Гидеон на миг замолчал, собираясь с мыслями.
– Со временем охотники все больше скатывались в недра религиозного фанатизма и беспочвенной паранойи. В двадцать первом веке вешать и сжигать ведьм больше неактуально – стали актуальны сами ведьмы. Сериалы, кино, книги… Колдовства перестали бояться, а колдовство опасно лишь тогда, когда кто-то его боится, ведь в таком случае приходится защищаться. Настало мирное время. Орден изжил себя. Охота больше не несет смысла, и теперь охотятся либо спятившие, либо… те, кто хочет им помешать. Некоторые охотники нынче охотятся на других охотников.
– Что это значит? – сглотнул Коул. – Охотиться на охотников? Для чего?
Гидеон сделал круг вокруг стола, и я осторожно отодвинулась подальше с его пути, ненавязчиво сместившись поближе к двери.
– Это затронуло лишь последнее поколение, когда охотники поняли, что воюют в войне, которая давно кончилась. Посвятив борьбе всю жизнь, трудно податься куда-то еще… Ты не нужен нигде, кроме как на войне. Однако защитники всегда будут нужны самим ведьмам.

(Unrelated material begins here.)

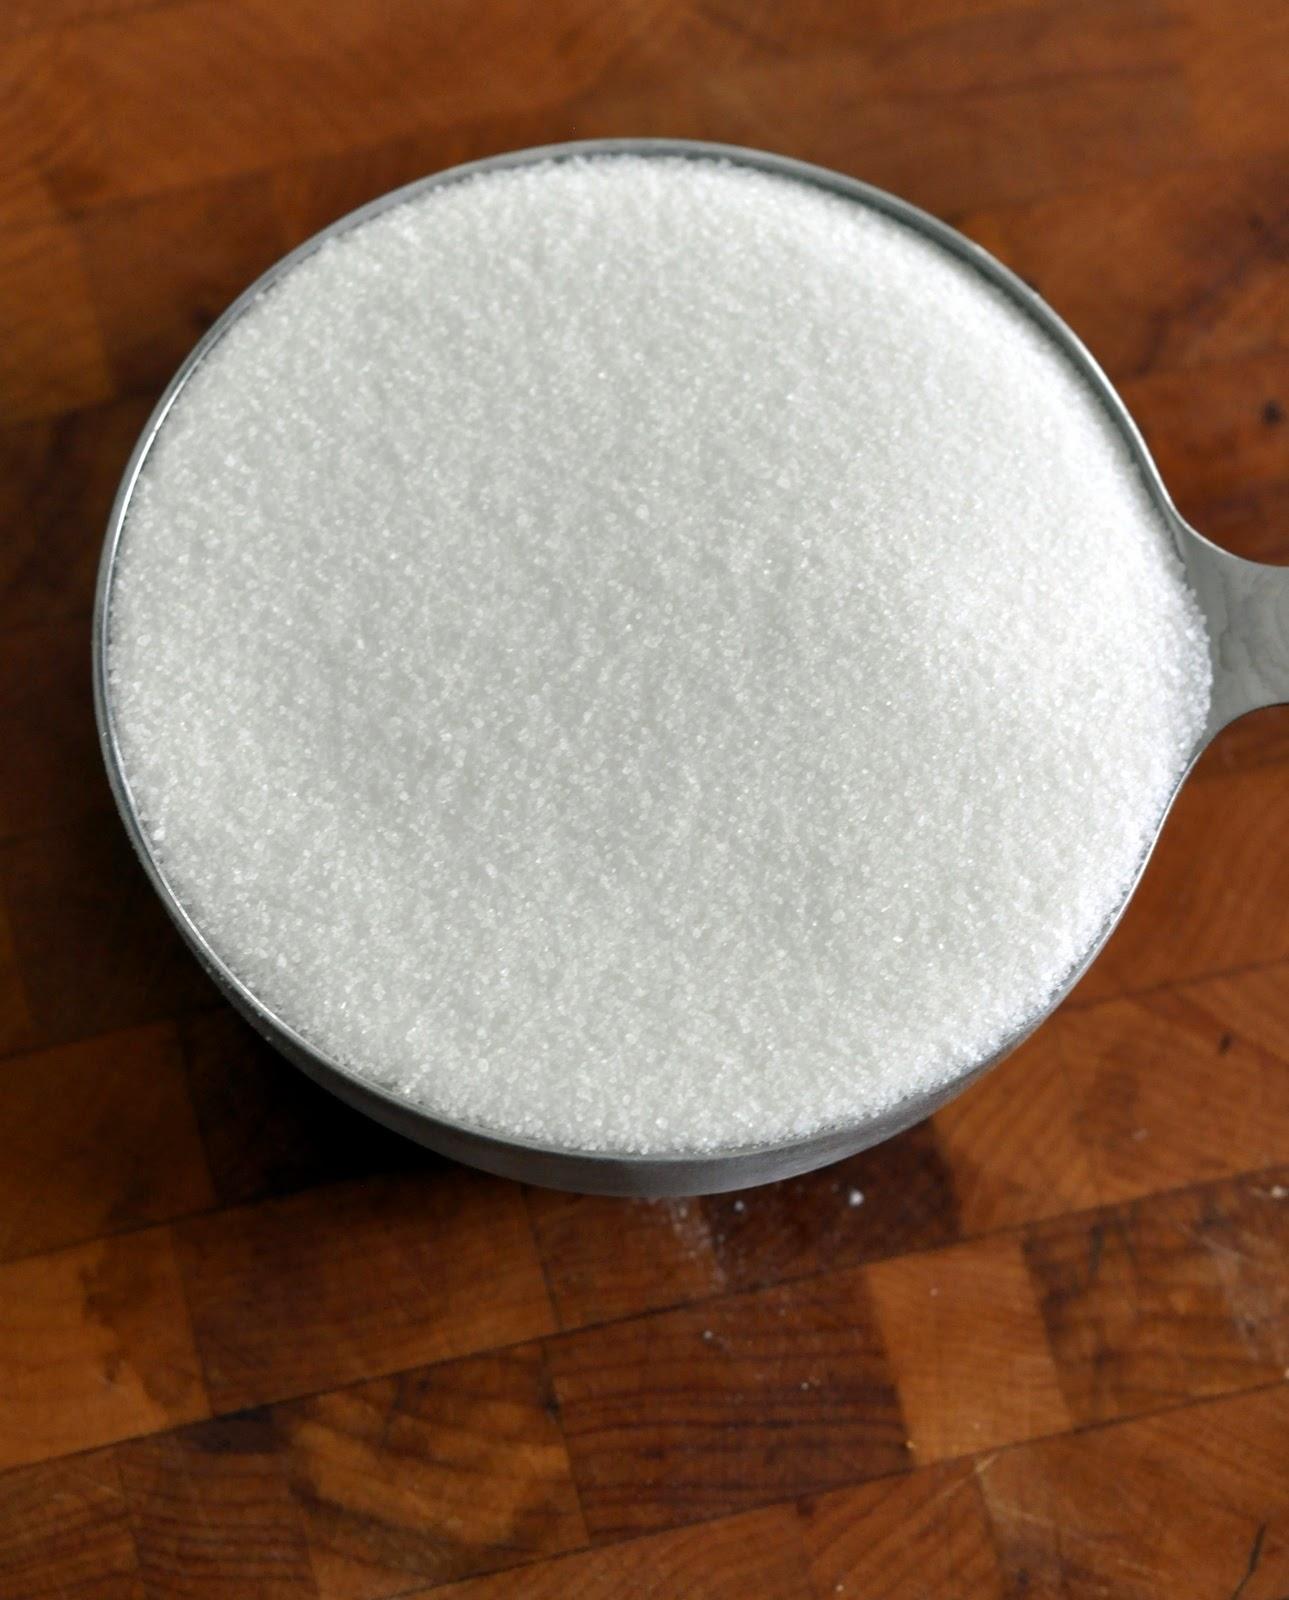 Granulated-Sugar-tasteasyougo.com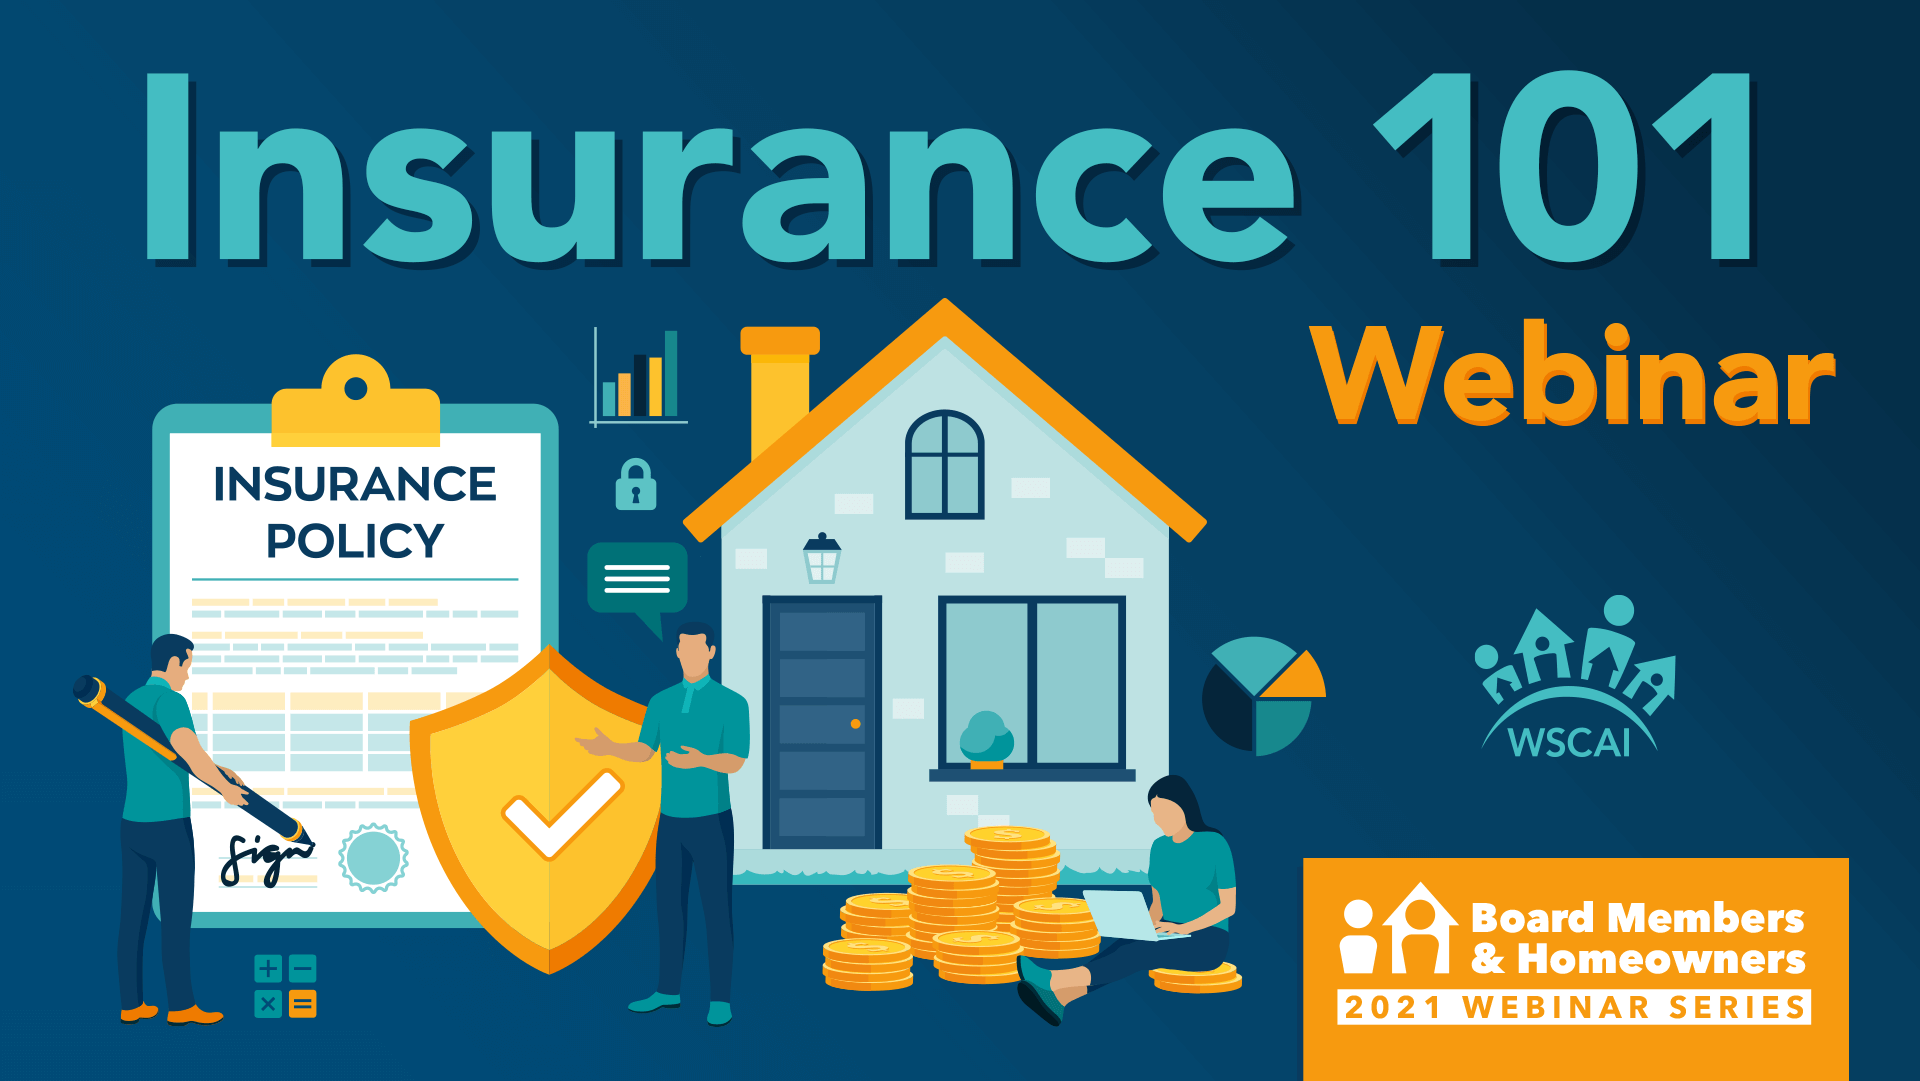 """Insurance 101 Webinar - A Board Member's Guide to a Solid Insurance Package"" - Board Member And Homeowners 2021 Webinar Series"

– Охотники теперь защищают ведьм, которых раньше гнали, как скот на убой? – фыркнул Коул.
– Не все, но многие. Чаще те, кто происходит из охотников, но никогда не бывал в Ордене, как мы с тобой. Зов крови, как и аутизм, тоже лишает тебя большинства социальных перспектив, пускай ты никогда не брал в руки оружие. Охота… Она в нашей природе. Такие чаще всего находят себя в армии, на флоте, в пожарных подразделениях… Или в полиции, – Гидеон почти улыбнулся бледному Коулу. – Или в качестве защитника ковена, если принести одной из ведьм клятву верности. Таких зовут атташе. Атташе значит «привязанный».
В груди у меня защемило. Я незаметно сползла вниз по кухонной стенке.
Нимуэ. Пикник семейства охотников на берегу Шамплейн. Одолжение моей матери, спасшей их обожаемое дитя. Ведьмы помогают смертным, но даже моя мать ничего не делала безвозмездно. И, в подтверждение моей ужасной догадки, из уст Гидеона вырвалось:
– Родители были атташе Верховной ведьмы Виктории из ковена Шамплейн. Клятва была даром в благодарность за твою жизнь. Ты ведь не помнишь, почему именно боишься плавать?
Коул бросил на меня беглый взгляд. Практически тот же самый вопрос, что я задала ему неделю назад в спальне после просмотра мультфильма. «Как давно ты плавал в озере?» Я с трудом удержалась, чтобы не кинуться к нему объяснять, что я и понятия не имела о его родителях, а если бы знала, то не посмела бы подойти к нему и на милю. Ведь все атташе – это орудия, как бы мама ни убеждала в обратном и ковен, и саму себя. Все атташе рано или поздно умирают за своих ведьм.